# Python Standard Library 

Python Standard Library is a collection of modules that are available with every Python installation. It contains many useful modules that can be used to perform various tasks.

You pick and choose the modules you want to use in your program. You can use the Python Standard Library to perform tasks such as reading and writing files, working with the operating system, working with the network, and much more.

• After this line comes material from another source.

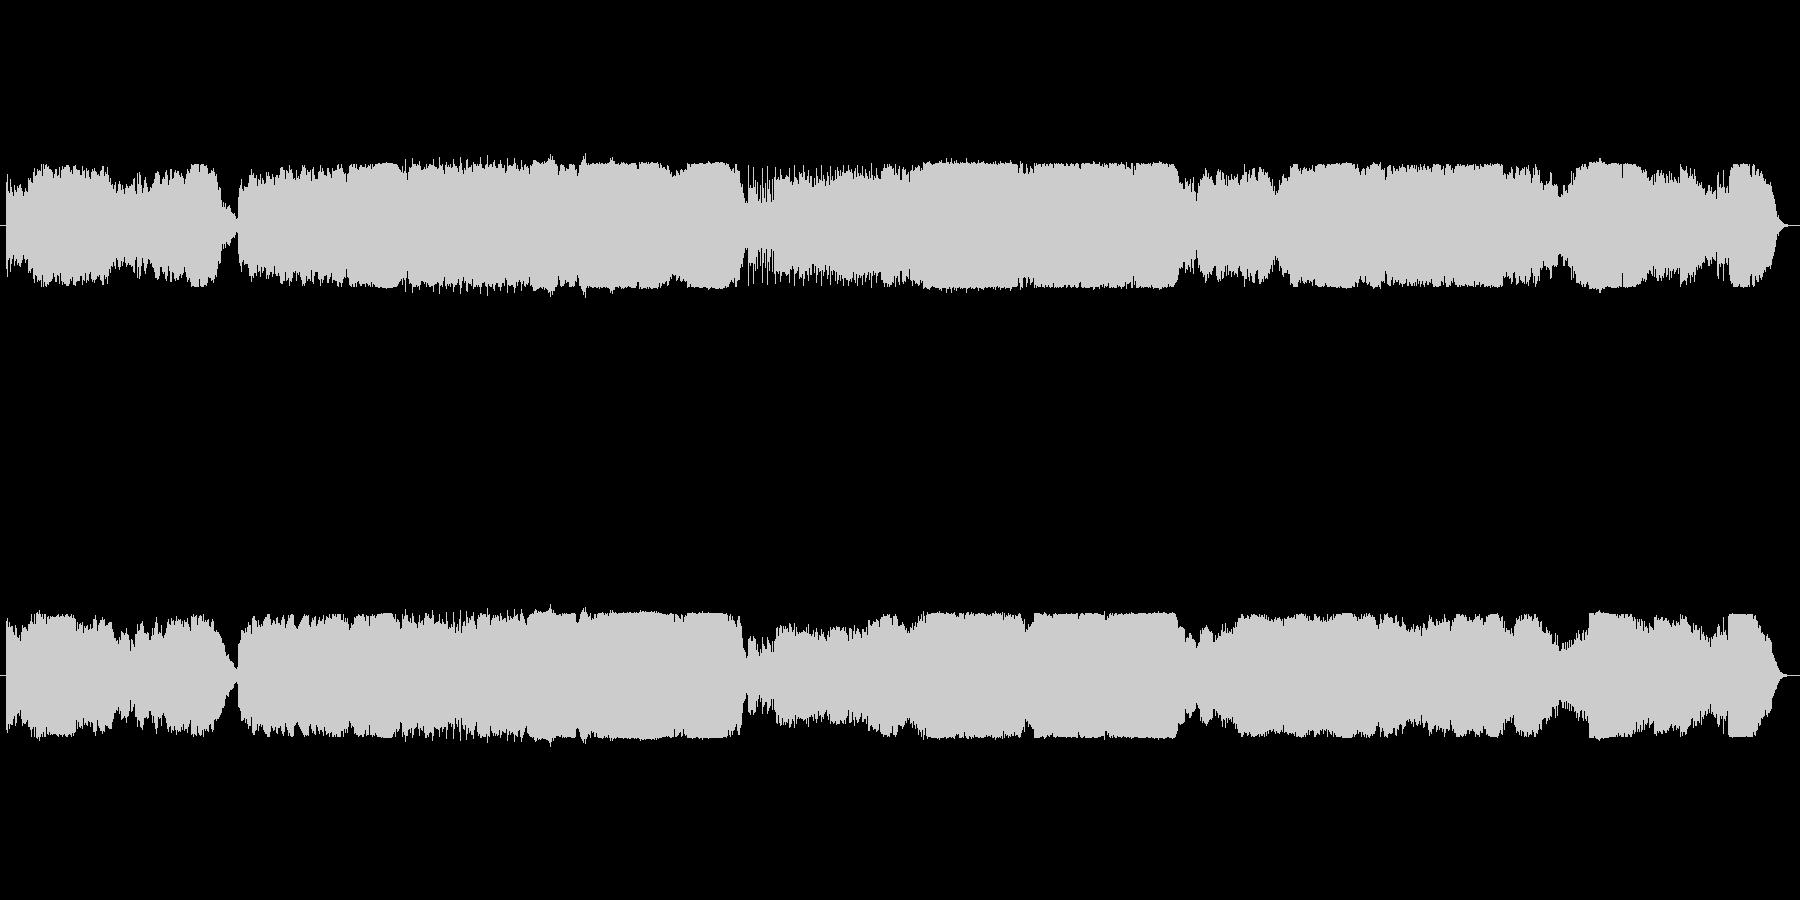 オーケストラ 爆発 ドカーンの未再生の波形

Documentation: [Python Standard Library](https://docs.python.org/3/library/index.html)

In [28]:
# https://docs.python.org/3/library/ - location

## Our first import - string module

In [29]:
import string #meaning I have access now to extra string goodies
# now I have access to everything under string namespace
# documentation - https://docs.python.org/3/library/string.html

In [30]:
string.ascii_letters

'abcdefghijklmnopqrstuvwxyzABCDEFGHIJKLMNOPQRSTUVWXYZ'

In [31]:
string.punctuation

'!"#$%&\'()*+,-./:;<=>?@[\\]^_`{|}~'

In [32]:
string.digits

'0123456789'

In [33]:
# you do not want to calculate dates yourself, 
# easy to make mistakes with timezones, Georgian calendar, leap years etc
from datetime import datetime # I import only datetime class from datetime module
# https://docs.python.org/3/library/datetime.html

In [34]:
now = datetime.now() #notice datetime needs another datetime
now

datetime.datetime(2024, 11, 7, 17, 14, 39, 57798)

In [35]:
time_passed = datetime.now() - now
time_passed

datetime.timedelta(microseconds=14428)

In [36]:
print(f"Time passed in seconds {time_passed.seconds}")

Time passed in seconds 0


In [37]:
# how many days have passed?
print(f"Time passed in days {time_passed.days}")

Time passed in days 0


In [38]:
# how many total seconds have passed?
print(f"Time passed in seconds {time_passed.total_seconds()}")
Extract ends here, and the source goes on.